- **PROBLEM STATEMENT**: Reproduce all the lines below exactly and omit the images.

- **RECORDED INFORMATION**:
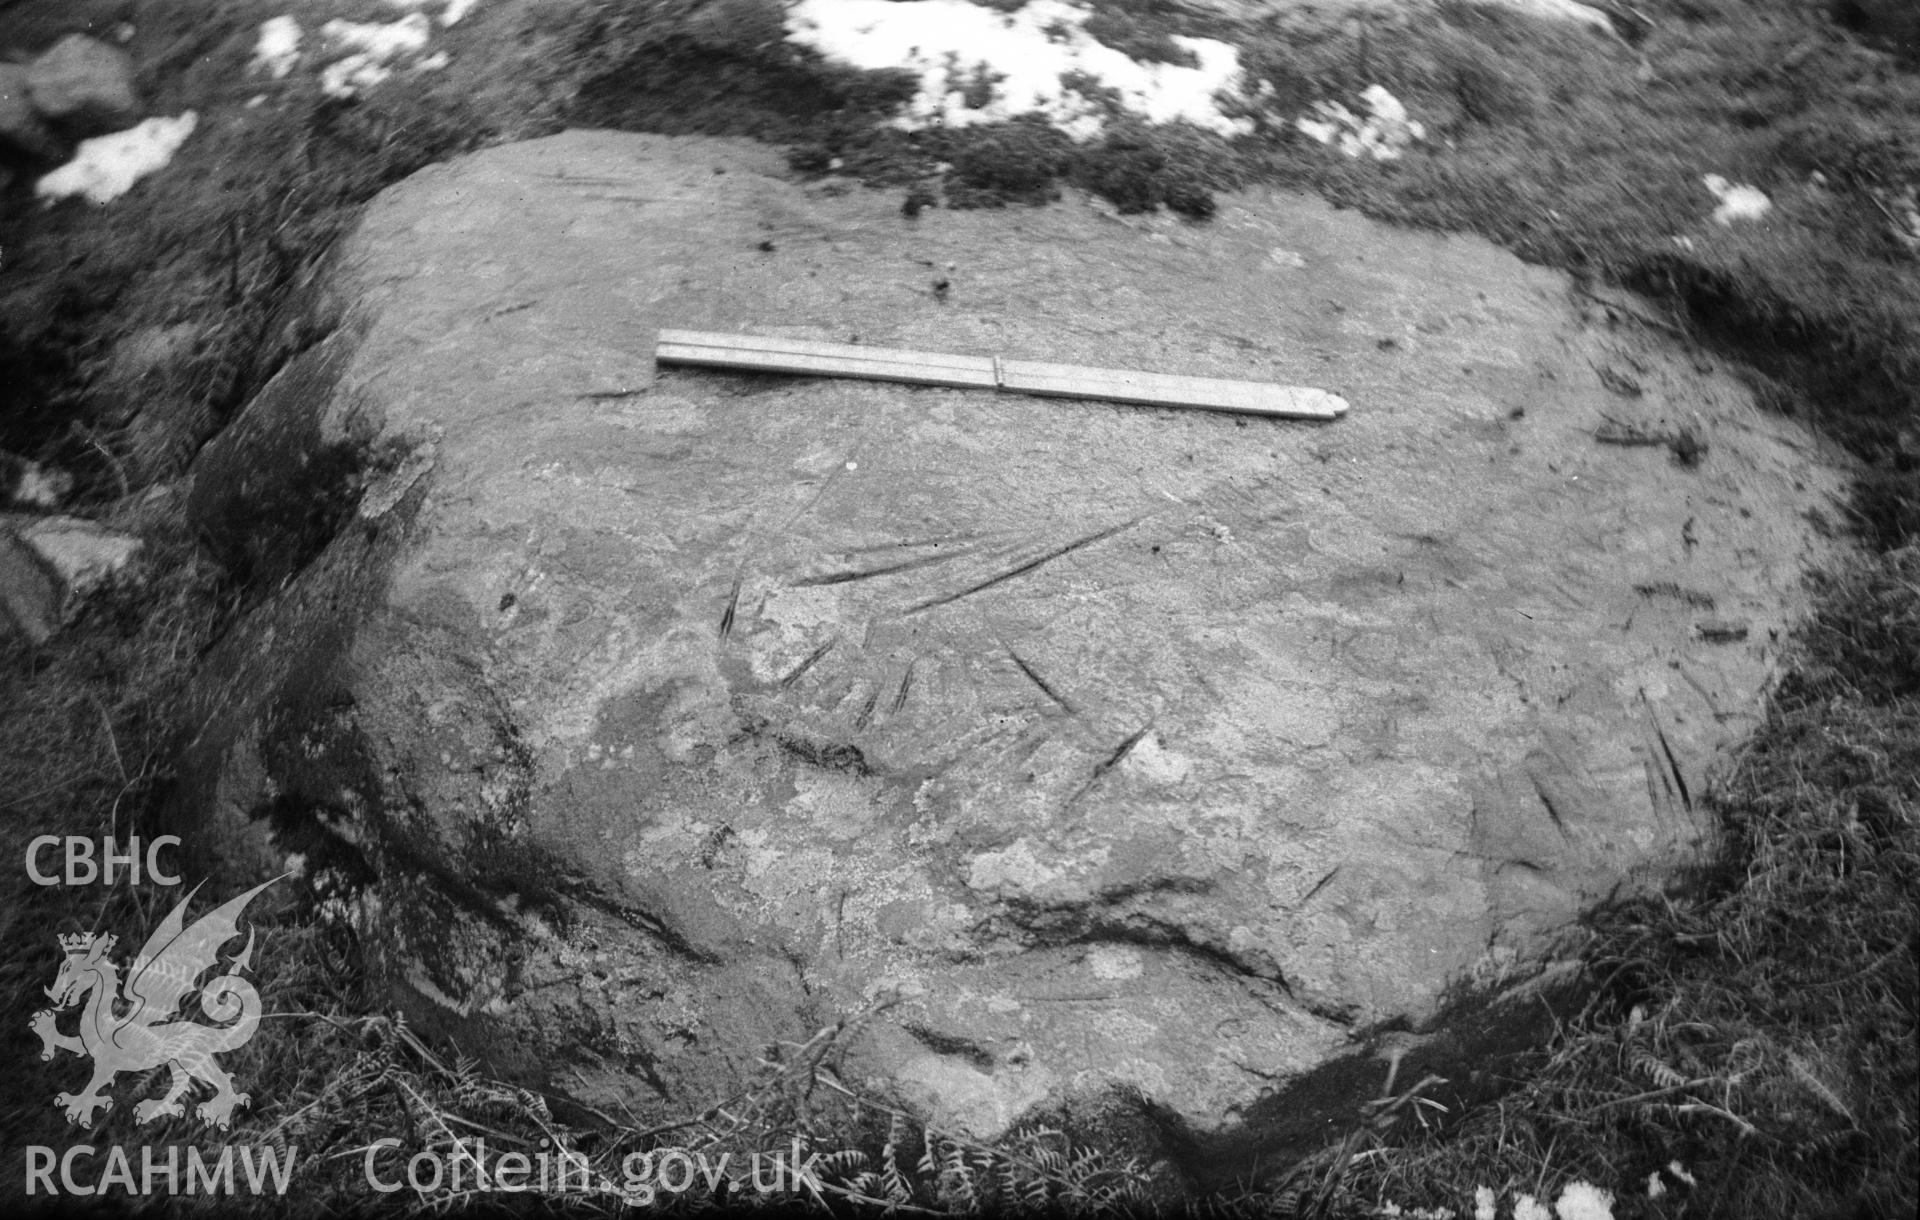 View of arrow stone at Aber taken 09.02.1950.
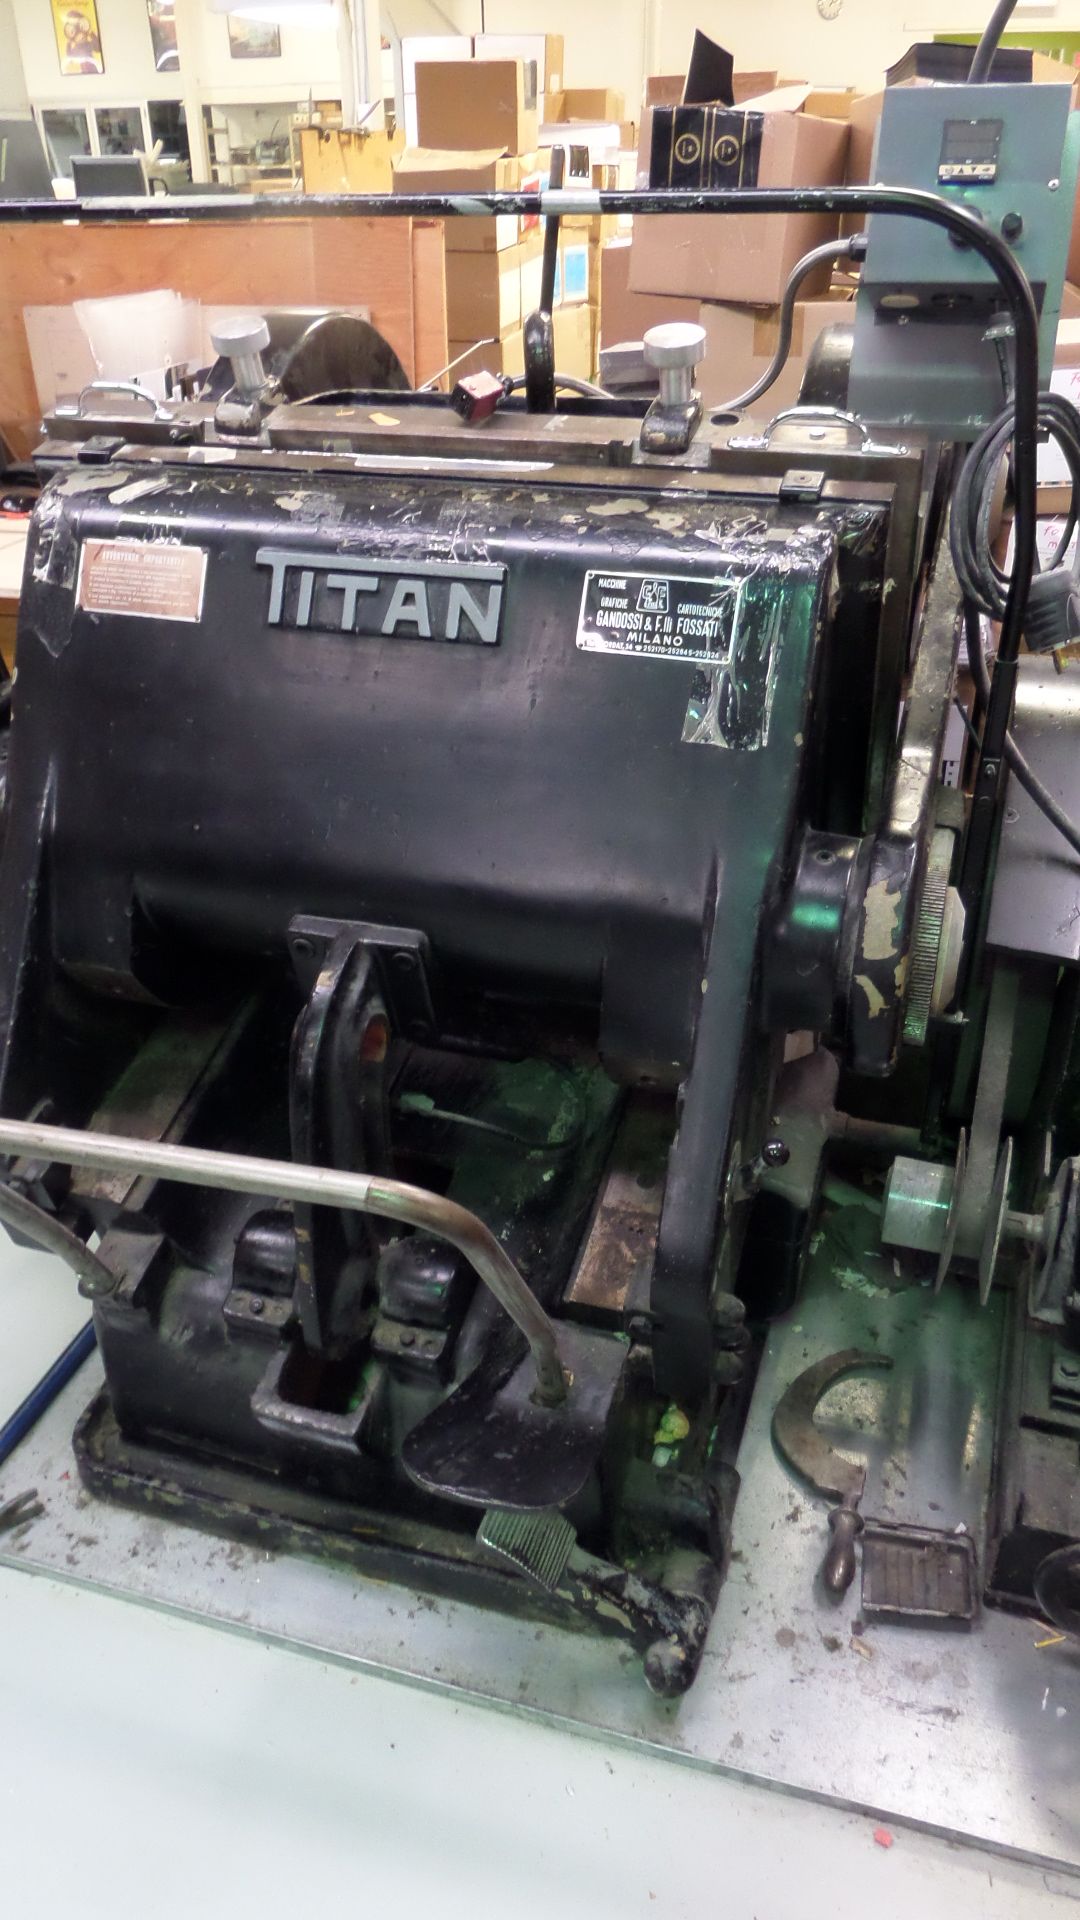 Titan 22" x 32" Die Cutting Press - Printing; c/w Heated Platen 15.5" x 20.5"
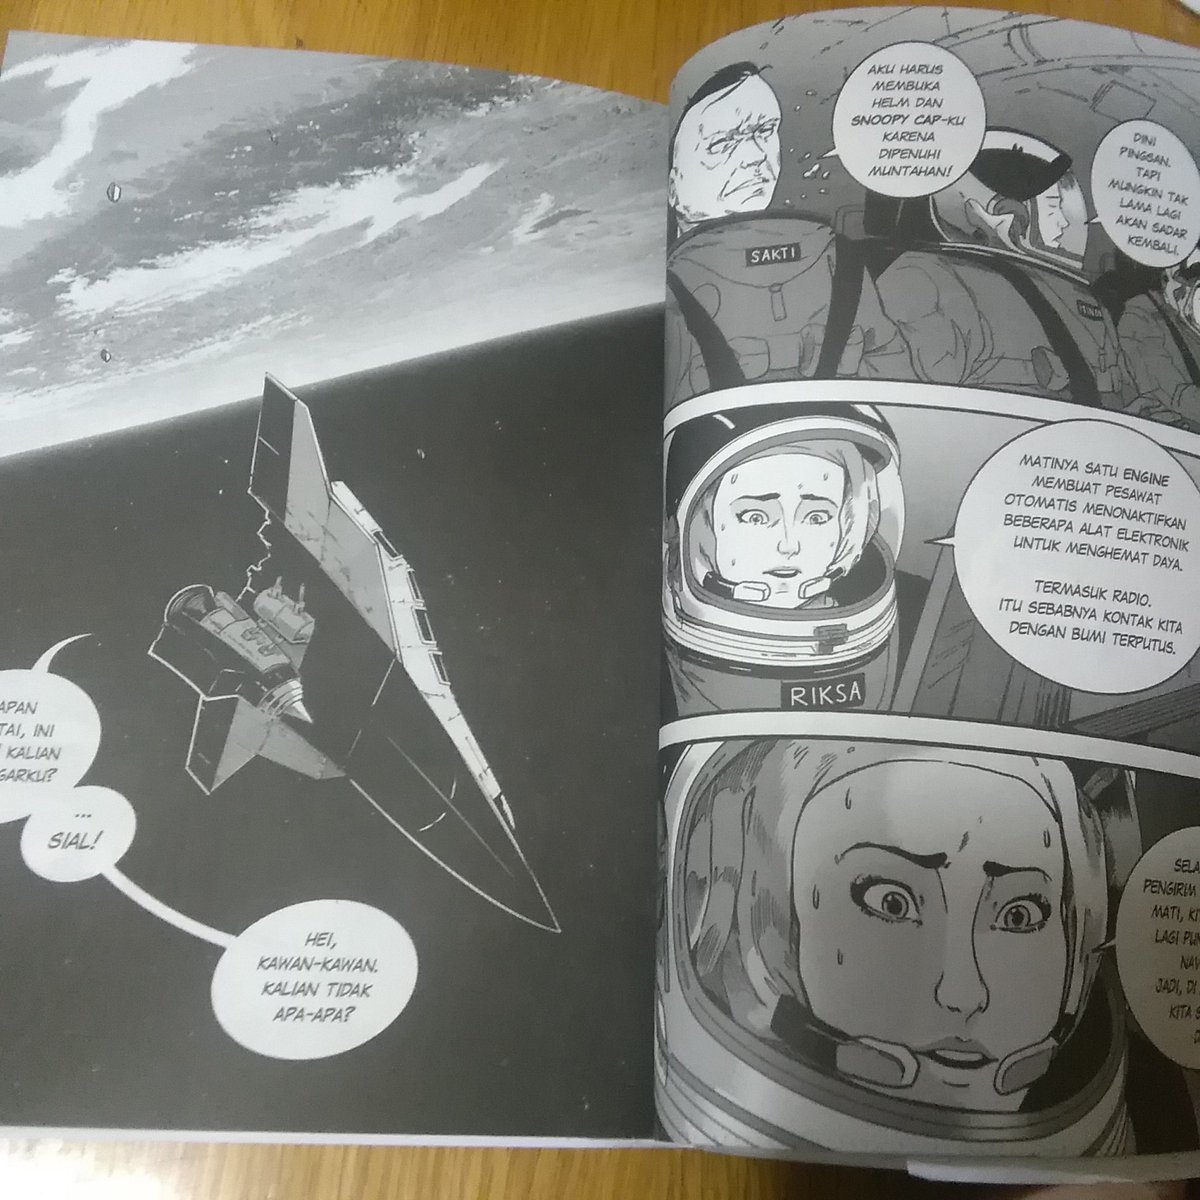 Taka インドネシア人女性宇宙飛行士の活躍を描いた漫画 Rixa インドネシア国立航空宇宙 研究所 Lapan 全面協力の本格宇宙漫画です 第１話は英語でも公開されているので 興味がある方はぜひ読んでみて下さい T Co Oeyo93iv78 印尼漫画

- **OUTPUT BELOW**:
 View of arrow stone at Aber taken 09.02.1950.
 Titan 22" x 32" Die Cutting Press - Printing; c/w Heated Platen 15.5" x 20.5"
 Taka インドネシア人女性宇宙飛行士の活躍を描いた漫画 Rixa インドネシア国立航空宇宙 研究所 Lapan 全面協力の本格宇宙漫画です 第１話は英語でも公開されているので 興味がある方はぜひ読んでみて下さい T Co Oeyo93iv78 印尼漫画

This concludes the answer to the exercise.